▸ **Required action**:
Let the output be exactly the lines from the one containing "Black Gibson Les Paul Custom guitar 1960s" through the end of the records below, both included.

▸ **Source material**:
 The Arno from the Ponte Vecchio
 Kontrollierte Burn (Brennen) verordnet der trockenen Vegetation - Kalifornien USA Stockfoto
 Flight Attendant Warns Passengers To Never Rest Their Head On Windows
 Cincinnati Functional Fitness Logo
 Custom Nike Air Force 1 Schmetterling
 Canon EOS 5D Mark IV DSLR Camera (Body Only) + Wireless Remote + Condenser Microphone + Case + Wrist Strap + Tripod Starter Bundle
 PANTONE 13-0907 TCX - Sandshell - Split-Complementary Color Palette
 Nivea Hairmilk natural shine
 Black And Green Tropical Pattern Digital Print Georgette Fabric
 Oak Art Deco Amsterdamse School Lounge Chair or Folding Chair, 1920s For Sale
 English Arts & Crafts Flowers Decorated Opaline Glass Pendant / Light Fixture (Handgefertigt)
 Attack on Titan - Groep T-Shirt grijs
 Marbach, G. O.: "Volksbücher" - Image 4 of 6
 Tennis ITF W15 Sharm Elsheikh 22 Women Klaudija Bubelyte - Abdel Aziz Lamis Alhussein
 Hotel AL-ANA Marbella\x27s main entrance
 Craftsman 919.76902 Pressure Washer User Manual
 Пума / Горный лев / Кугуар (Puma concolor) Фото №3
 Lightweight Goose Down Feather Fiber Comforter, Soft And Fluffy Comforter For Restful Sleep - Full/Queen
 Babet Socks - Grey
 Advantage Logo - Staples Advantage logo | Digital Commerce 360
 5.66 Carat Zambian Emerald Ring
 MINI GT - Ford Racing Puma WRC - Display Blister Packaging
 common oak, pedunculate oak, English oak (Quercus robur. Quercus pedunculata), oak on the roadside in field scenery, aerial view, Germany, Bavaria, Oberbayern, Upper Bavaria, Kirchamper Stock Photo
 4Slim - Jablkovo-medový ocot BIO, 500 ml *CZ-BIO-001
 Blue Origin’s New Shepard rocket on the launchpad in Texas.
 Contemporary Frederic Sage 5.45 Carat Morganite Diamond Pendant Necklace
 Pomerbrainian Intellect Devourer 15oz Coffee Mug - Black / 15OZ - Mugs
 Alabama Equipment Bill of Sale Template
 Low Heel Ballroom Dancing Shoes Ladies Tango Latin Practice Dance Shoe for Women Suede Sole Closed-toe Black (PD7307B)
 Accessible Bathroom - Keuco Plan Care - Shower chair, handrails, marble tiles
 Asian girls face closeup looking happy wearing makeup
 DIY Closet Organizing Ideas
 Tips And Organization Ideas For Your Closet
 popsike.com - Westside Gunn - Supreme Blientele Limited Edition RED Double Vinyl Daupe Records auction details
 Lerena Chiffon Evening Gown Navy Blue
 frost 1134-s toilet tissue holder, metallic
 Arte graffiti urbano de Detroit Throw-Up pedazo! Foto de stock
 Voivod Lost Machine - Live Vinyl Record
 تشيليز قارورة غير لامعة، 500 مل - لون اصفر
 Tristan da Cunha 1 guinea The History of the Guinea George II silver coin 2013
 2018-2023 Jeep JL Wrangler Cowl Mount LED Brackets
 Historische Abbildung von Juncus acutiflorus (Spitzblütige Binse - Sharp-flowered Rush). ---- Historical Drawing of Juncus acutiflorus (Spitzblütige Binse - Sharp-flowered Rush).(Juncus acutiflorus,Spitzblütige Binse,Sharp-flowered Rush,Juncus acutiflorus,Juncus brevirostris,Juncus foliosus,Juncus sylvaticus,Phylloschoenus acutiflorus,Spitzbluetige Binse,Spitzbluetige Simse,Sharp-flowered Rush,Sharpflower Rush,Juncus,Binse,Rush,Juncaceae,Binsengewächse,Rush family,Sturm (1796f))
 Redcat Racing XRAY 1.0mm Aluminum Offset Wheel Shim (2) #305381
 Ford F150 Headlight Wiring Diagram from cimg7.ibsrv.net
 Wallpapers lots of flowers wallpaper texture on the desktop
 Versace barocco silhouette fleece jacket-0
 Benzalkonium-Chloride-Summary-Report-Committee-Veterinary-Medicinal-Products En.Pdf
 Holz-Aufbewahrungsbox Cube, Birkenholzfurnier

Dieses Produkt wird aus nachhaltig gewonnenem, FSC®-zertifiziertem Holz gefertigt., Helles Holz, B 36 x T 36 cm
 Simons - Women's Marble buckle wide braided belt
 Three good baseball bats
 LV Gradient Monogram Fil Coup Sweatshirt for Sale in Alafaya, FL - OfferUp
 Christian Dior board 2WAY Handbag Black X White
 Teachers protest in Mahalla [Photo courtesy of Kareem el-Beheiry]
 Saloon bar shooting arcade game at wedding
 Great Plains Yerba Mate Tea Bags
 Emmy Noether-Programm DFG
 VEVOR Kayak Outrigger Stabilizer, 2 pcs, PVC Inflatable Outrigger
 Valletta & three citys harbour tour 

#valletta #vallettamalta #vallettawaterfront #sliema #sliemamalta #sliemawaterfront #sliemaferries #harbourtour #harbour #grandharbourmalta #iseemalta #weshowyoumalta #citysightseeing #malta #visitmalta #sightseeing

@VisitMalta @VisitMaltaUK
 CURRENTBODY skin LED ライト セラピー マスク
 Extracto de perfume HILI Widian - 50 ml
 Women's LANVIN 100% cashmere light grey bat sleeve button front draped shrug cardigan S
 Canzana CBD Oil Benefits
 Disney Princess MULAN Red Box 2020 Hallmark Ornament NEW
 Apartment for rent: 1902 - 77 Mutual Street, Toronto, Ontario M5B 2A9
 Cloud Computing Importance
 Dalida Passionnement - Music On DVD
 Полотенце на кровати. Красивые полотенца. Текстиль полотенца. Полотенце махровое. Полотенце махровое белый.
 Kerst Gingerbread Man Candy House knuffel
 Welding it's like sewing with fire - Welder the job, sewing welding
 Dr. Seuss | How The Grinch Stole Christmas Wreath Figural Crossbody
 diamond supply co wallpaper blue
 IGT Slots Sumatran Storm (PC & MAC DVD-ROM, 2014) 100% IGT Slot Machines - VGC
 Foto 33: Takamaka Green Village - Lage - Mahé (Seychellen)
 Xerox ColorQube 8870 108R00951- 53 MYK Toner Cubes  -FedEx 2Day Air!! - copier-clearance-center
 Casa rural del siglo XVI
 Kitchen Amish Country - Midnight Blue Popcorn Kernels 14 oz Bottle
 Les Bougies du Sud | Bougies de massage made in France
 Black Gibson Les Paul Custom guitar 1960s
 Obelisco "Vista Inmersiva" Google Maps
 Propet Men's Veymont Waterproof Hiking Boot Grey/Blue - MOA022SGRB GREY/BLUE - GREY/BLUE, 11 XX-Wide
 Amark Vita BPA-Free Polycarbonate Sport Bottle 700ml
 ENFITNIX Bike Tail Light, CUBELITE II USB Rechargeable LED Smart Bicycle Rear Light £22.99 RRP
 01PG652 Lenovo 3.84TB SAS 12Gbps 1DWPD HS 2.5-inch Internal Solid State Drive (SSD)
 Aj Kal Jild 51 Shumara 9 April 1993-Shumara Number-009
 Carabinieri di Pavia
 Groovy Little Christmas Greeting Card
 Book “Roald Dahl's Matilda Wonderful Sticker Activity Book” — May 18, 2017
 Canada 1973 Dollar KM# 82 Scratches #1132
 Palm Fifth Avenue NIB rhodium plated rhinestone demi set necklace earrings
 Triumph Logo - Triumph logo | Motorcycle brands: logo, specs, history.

▸ **Output of the task**:
 Black Gibson Les Paul Custom guitar 1960s
 Obelisco "Vista Inmersiva" Google Maps
 Propet Men's Veymont Waterproof Hiking Boot Grey/Blue - MOA022SGRB GREY/BLUE - GREY/BLUE, 11 XX-Wide
 Amark Vita BPA-Free Polycarbonate Sport Bottle 700ml
 ENFITNIX Bike Tail Light, CUBELITE II USB Rechargeable LED Smart Bicycle Rear Light £22.99 RRP
 01PG652 Lenovo 3.84TB SAS 12Gbps 1DWPD HS 2.5-inch Internal Solid State Drive (SSD)
 Aj Kal Jild 51 Shumara 9 April 1993-Shumara Number-009
 Carabinieri di Pavia
 Groovy Little Christmas Greeting Card
 Book “Roald Dahl's Matilda Wonderful Sticker Activity Book” — May 18, 2017
 Canada 1973 Dollar KM# 82 Scratches #1132
 Palm Fifth Avenue NIB rhodium plated rhinestone demi set necklace earrings
 Triumph Logo - Triumph logo | Motorcycle brands: logo, specs, history.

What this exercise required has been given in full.